Kirsty Anantharajah, Australian National University

Earlier last month, Thileepan Gnaneswaran was separated from his wife and 11-month-old baby and deported from Australia back to Sri Lanka, the country from which he had fled six years ago. On his arrival in Colombo, he was taken into custody and questioned by Sri Lankan police.

He’s since been released, but the ordeal was no doubt a traumatic experience, given his claims of being interrogated and tortured by Sri Lankan security forces during the country’s long-running civil war due to his family’s connections with to Tamil separatist group, the Liberation Tigers of Tamil Eelam (LTTE).




Read more:
Not ‘all is forgiven’ for asylum seekers returned to Sri Lanka


Two other Tamil asylum seekers from Sri Lanka, a married couple in Queensland only identified publicly by their first names (Nadesalingam and Priya) for security reasons, also received deportation notices this year. They and their two small children were taken from their home in a dawn raid by immigration officials, and are currently being held in detention.

In late June, a court order temporarily halted the deportation of Priya and her eldest daughter. But the family now faces the possibility of being separated, as well.

These are just two of the more public cases of Tamil asylum seekers facing deportation from Australia in recent months. Given Australia’s intense secrecy on asylum issues, we know much less about 116 Sri Lankans who were in detention as of April, or the 42 holding precarious bridging visas who also face an uncertain future.

Wave of Tamil asylum seekers

Like Gnaneswaran, most Tamil asylum seekers in Australia have serious claims of abuse at the hands of Sri Lankan security forces.

This is generally due to actual or perceived links to the LTTE, which waged a 26-year insurgency against the Sri Lankan government. The war came to a brutal end when the Tamil fighters were defeated in 2009. Upwards of 100,000 civilians are believed to have died in the war.

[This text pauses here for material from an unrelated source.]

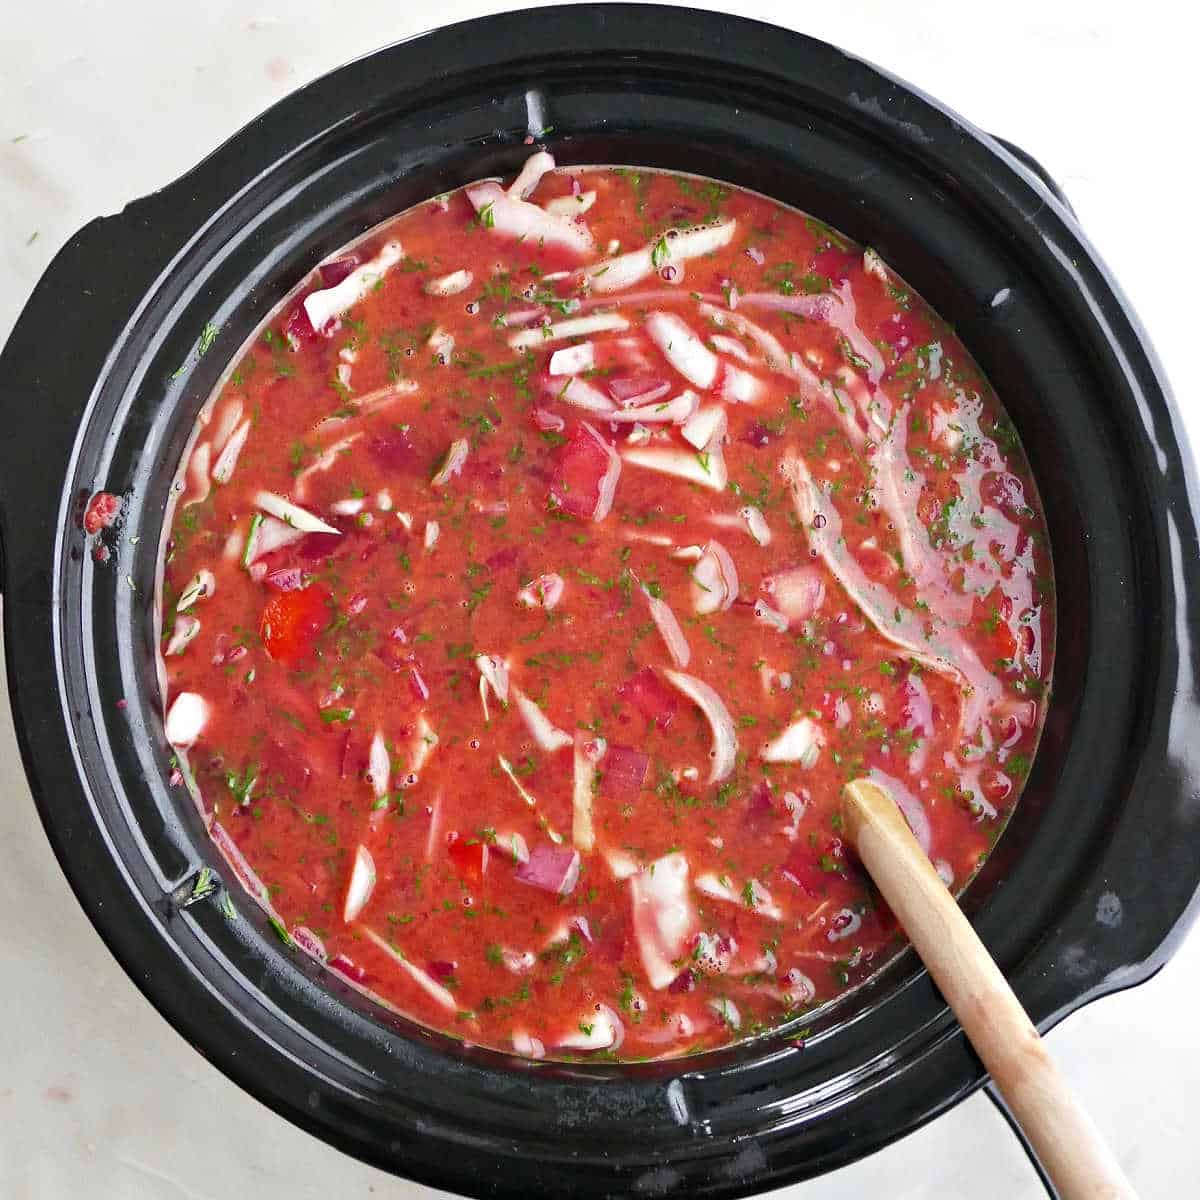 cooked borscht in a slow cooker with cabbage being stirred into it

Since the end of the war, some 115,000 Sri Lankans have fled the country, some ending up in Australia. Sri Lankan boat arrivals to Australia spiked in 2012, when they comprised the largest source country of asylum seekers. Between 2012-13, only 11.6% of their applications were accepted, even though many claimants had documented evidence of experiencing torture and violence in Sri Lanka.




Read more:
Handing over Tamils to the state they fled breaks international law


Due to the increase in boat arrivals during this time, the Australian government introduced a policy of enhanced screening for asylum seekers in October 2012.
The policy sought to “screen in” or “screen out” asylum seekers on the basis of a single entry interview, before they were even able to lodge a protection visa application. Because those “screened out” were never told why they’d been rejected, the policy lacked transparency and accountability.

The Australian Human Rights Commission noted that as of May 2013, immigration officials had conducted 2,596 screening interviews of Sri Lankan asylum seekers and returned more than a third of them to Sri Lanka.

Tamil asylum seeker Thileepan Gnaneswaran before his deportation from Australia.
Tamil Refugee Council, Author provided

Two versions of the current political climate

Australian immigration officials rely heavily on “country information reports” provided by the Department of Foreign Affairs and Trade (DFAT) to determine claims for asylum. Passages from the reports are often extracted by immigration officials in visa refusal letters.

But in the case of Sri Lanka, these reports often differ from the experiences of Tamils living there and the observations of international organisations and human rights groups.

Take, for example, the issue of the threat of torture by police or the military. The 2018 DFAT report states:

The International Truth and Justice Project (ITJP) cited 24 cases of torture in 2016 and 2017. An Associated Press article published in November 2017 claimed 52 incidents of torture, which included the cases reported by the ITJP. … However, DFAT is unable to verify allegations of torture in 2016 and 2017.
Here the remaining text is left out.